**Task inputs:**
Segment Open
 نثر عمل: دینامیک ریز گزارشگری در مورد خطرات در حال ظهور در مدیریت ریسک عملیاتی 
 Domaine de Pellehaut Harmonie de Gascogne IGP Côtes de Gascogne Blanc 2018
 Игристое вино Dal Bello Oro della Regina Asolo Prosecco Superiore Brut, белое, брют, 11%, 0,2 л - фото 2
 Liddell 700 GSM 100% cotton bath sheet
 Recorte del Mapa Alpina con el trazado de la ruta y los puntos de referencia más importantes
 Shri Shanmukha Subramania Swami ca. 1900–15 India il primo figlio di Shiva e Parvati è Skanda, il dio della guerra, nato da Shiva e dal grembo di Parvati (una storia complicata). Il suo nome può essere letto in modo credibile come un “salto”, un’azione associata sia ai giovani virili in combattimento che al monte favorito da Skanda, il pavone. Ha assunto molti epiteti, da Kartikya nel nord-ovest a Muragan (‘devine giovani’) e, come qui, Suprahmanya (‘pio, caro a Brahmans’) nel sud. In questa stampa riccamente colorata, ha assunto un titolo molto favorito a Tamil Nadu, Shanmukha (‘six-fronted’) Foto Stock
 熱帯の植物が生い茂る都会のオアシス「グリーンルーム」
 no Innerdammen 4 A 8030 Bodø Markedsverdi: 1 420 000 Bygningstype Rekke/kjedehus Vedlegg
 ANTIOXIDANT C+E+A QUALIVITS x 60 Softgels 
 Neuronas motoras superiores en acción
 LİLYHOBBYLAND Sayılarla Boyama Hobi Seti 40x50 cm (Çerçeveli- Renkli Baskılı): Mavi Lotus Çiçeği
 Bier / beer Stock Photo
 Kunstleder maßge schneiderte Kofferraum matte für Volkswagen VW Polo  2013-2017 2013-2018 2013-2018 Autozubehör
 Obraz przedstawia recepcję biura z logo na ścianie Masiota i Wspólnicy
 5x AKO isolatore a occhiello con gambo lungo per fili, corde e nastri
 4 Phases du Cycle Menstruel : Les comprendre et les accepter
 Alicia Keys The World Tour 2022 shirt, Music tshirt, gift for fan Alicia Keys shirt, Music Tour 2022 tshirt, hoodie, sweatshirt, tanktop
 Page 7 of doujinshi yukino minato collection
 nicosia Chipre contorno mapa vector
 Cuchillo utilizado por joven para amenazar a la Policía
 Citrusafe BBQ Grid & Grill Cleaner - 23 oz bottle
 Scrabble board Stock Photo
Segment Closed
**Assigned task:**
Each line holding the word "Photo" must be pulled from the records.

**Written solution:**
 Bier / beer Stock Photo
 Scrabble board Stock Photo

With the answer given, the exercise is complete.